TASK ITEM: An exact reproduction of the listing, minus the pictures, is the required output.

THE DATA:
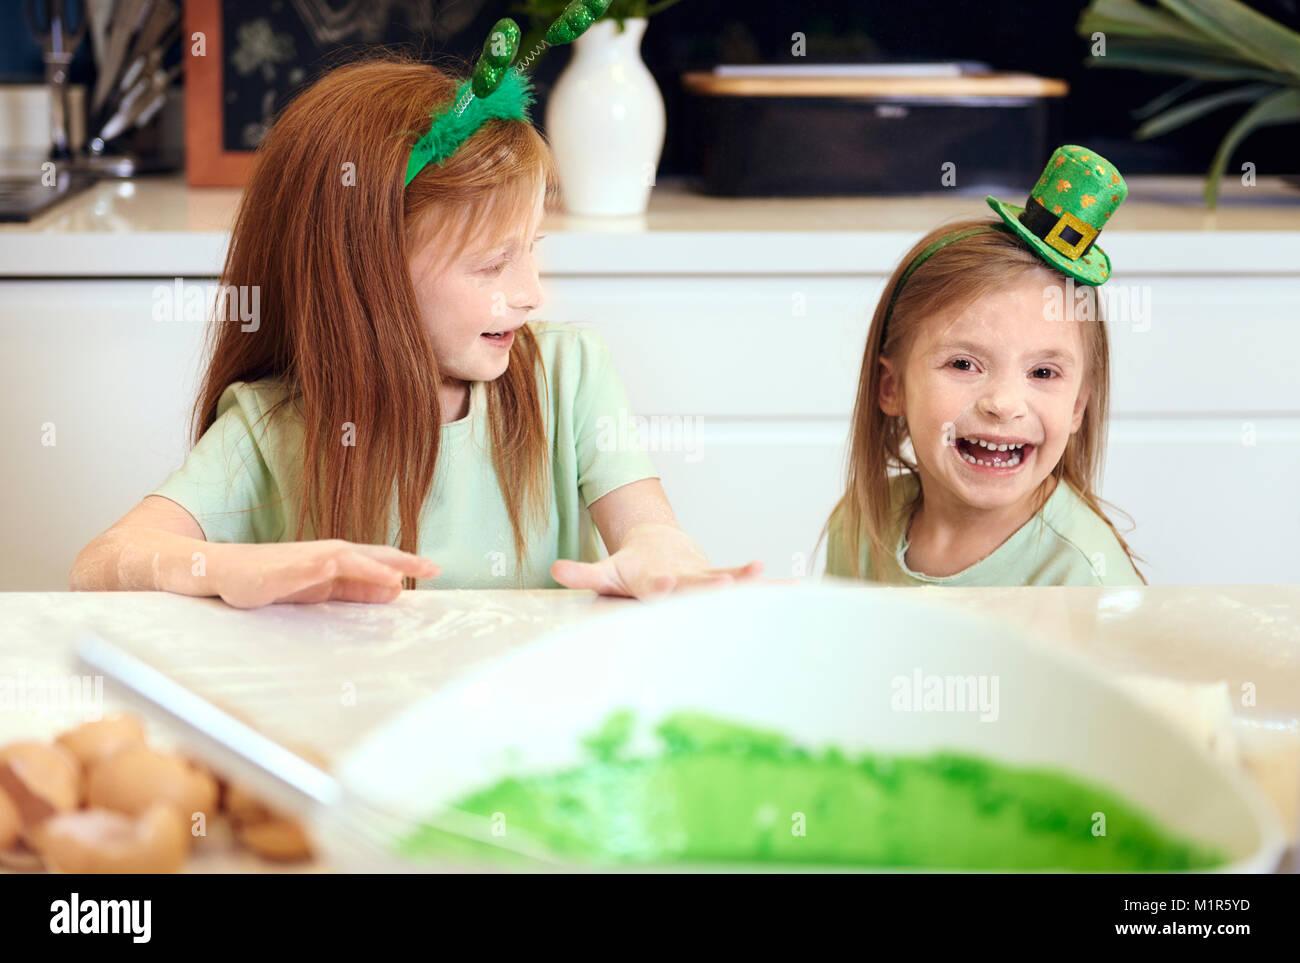 Cheerful siblings having a fun at kitchen - Stock Image
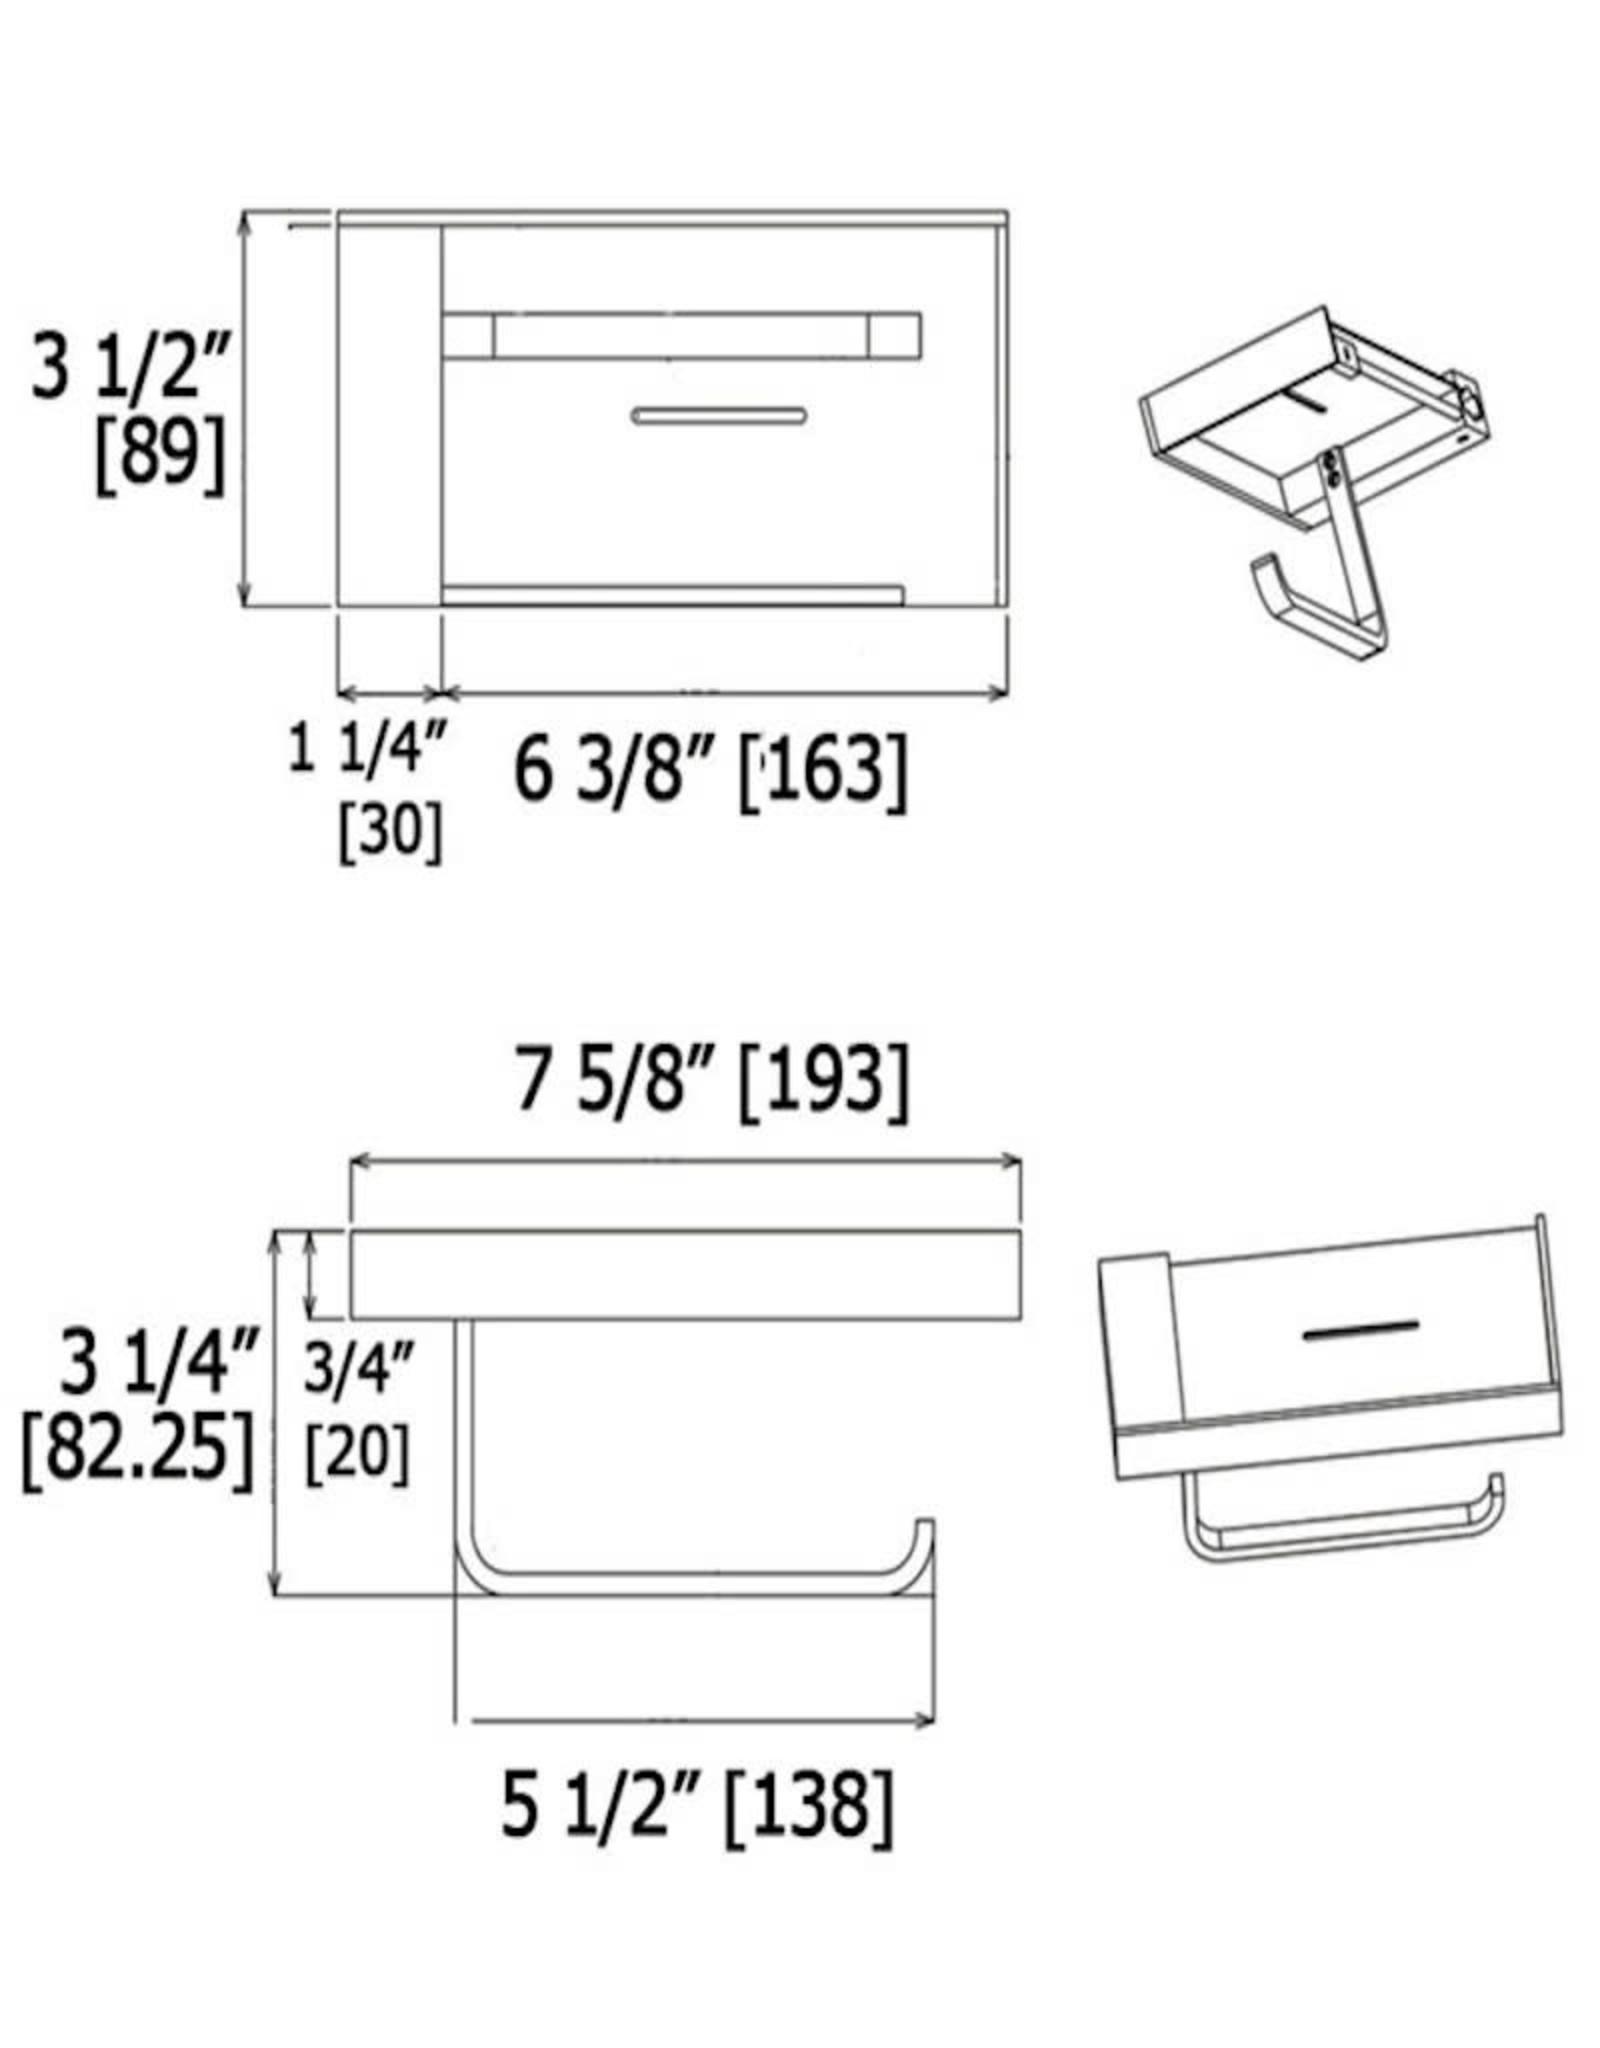 LalOO Laloo Paper Holder w/ Shelf
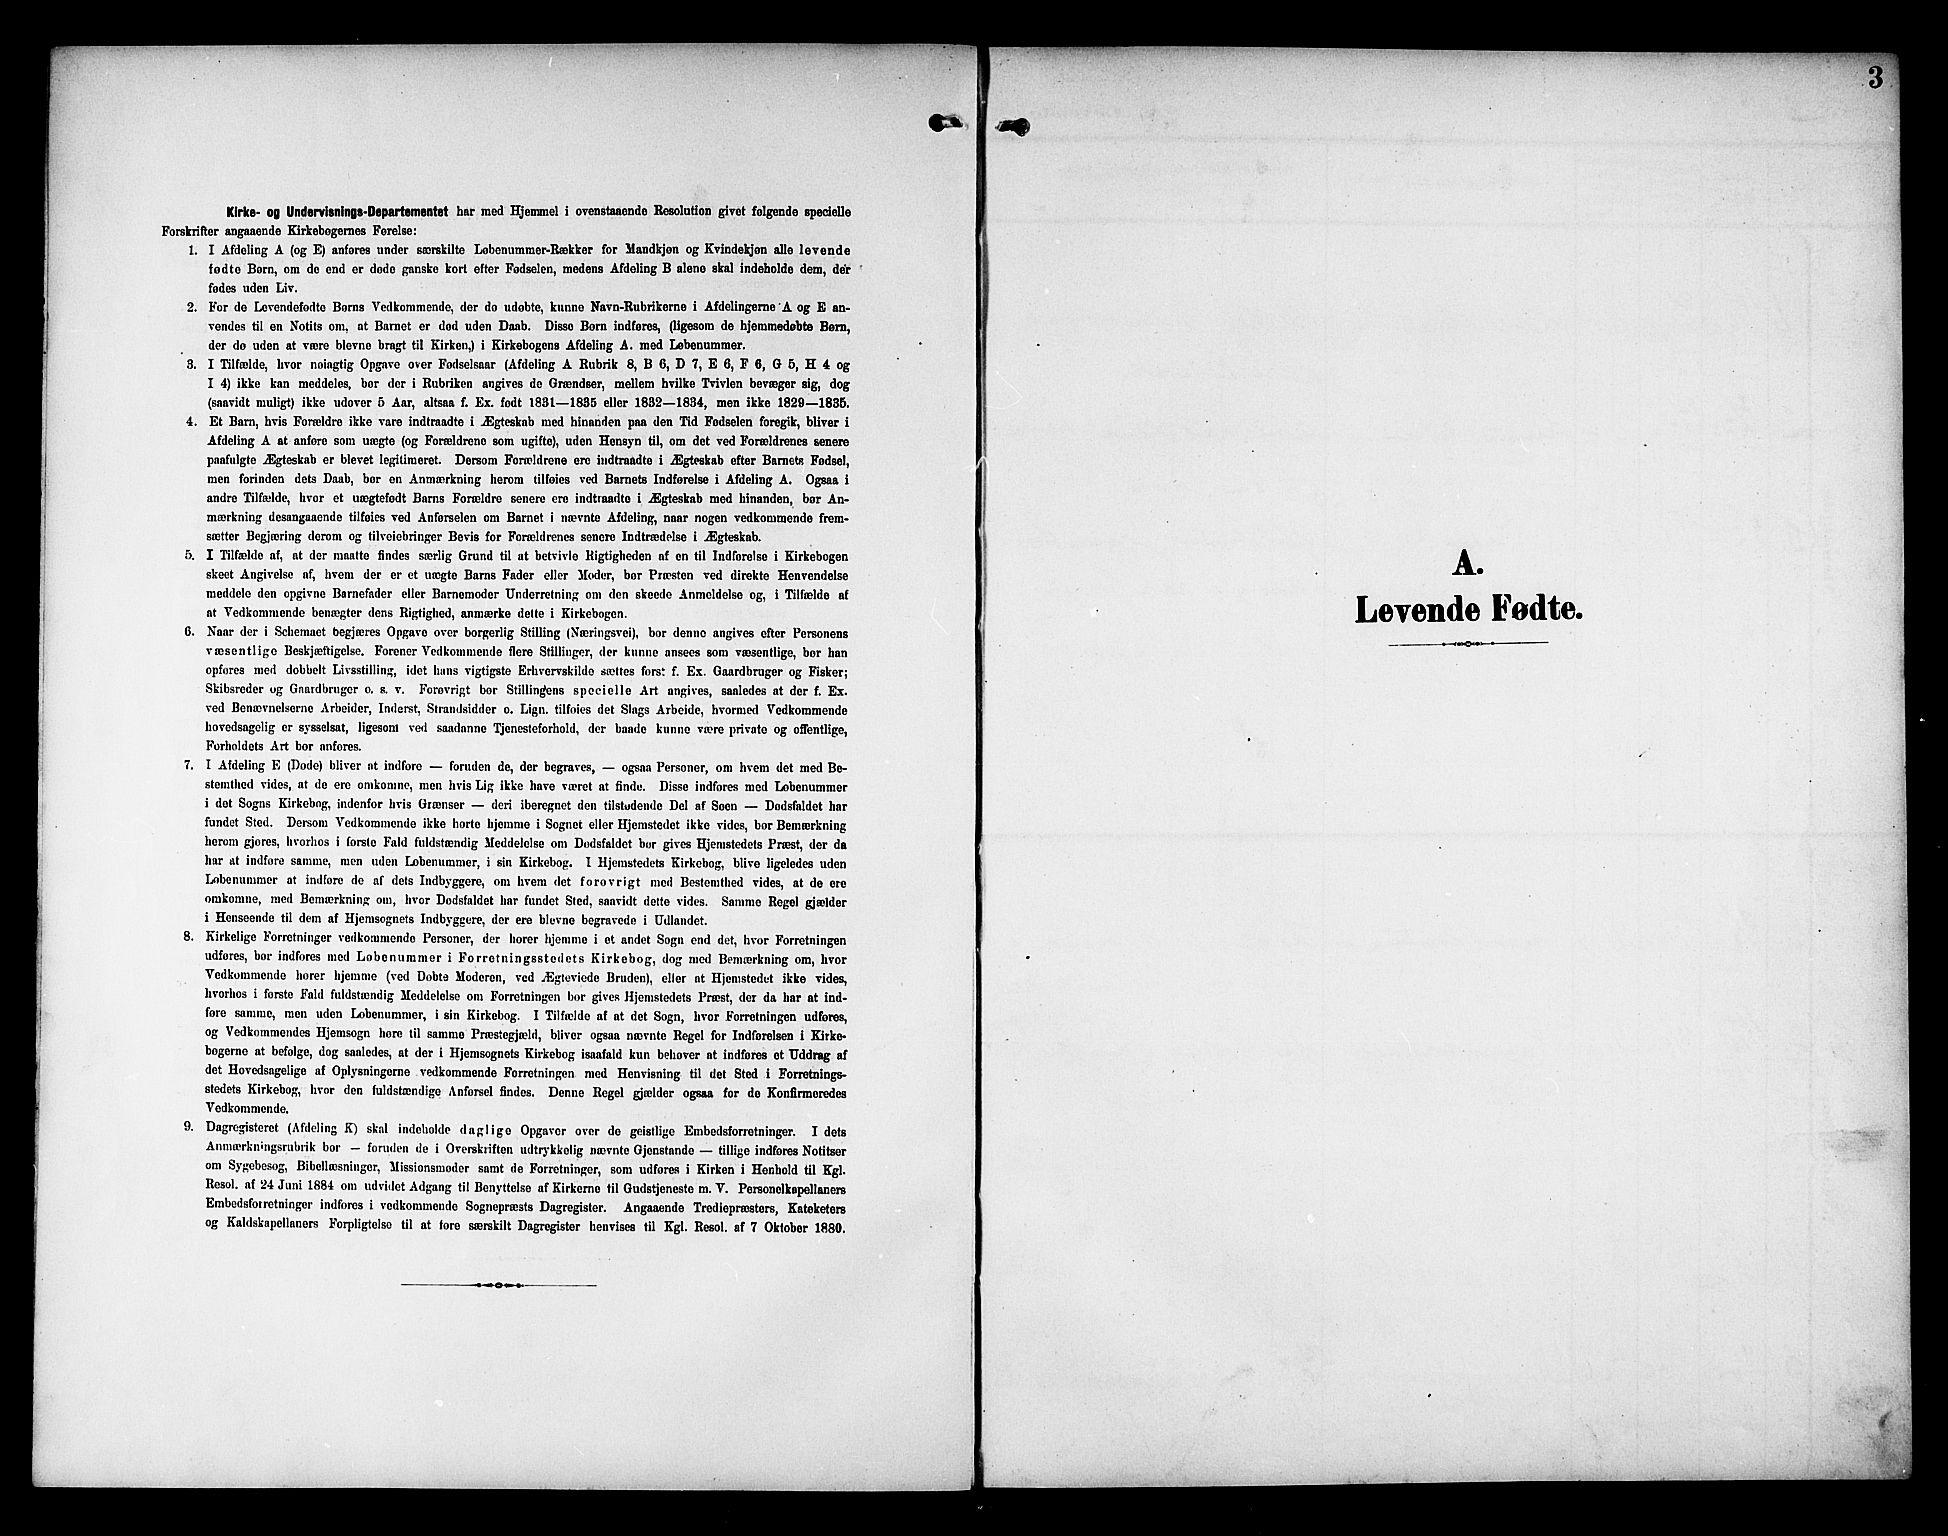 SAT, Ministerialprotokoller, klokkerbøker og fødselsregistre - Nord-Trøndelag, 757/L0506: Klokkerbok nr. 757C01, 1904-1922, s. 3

RESULT OF THIS TASK:
 Cheerful siblings having a fun at kitchen - Stock Image
 LalOO Laloo Paper Holder w/ Shelf
 SAT, Ministerialprotokoller, klokkerbøker og fødselsregistre - Nord-Trøndelag, 757/L0506: Klokkerbok nr. 757C01, 1904-1922, s. 3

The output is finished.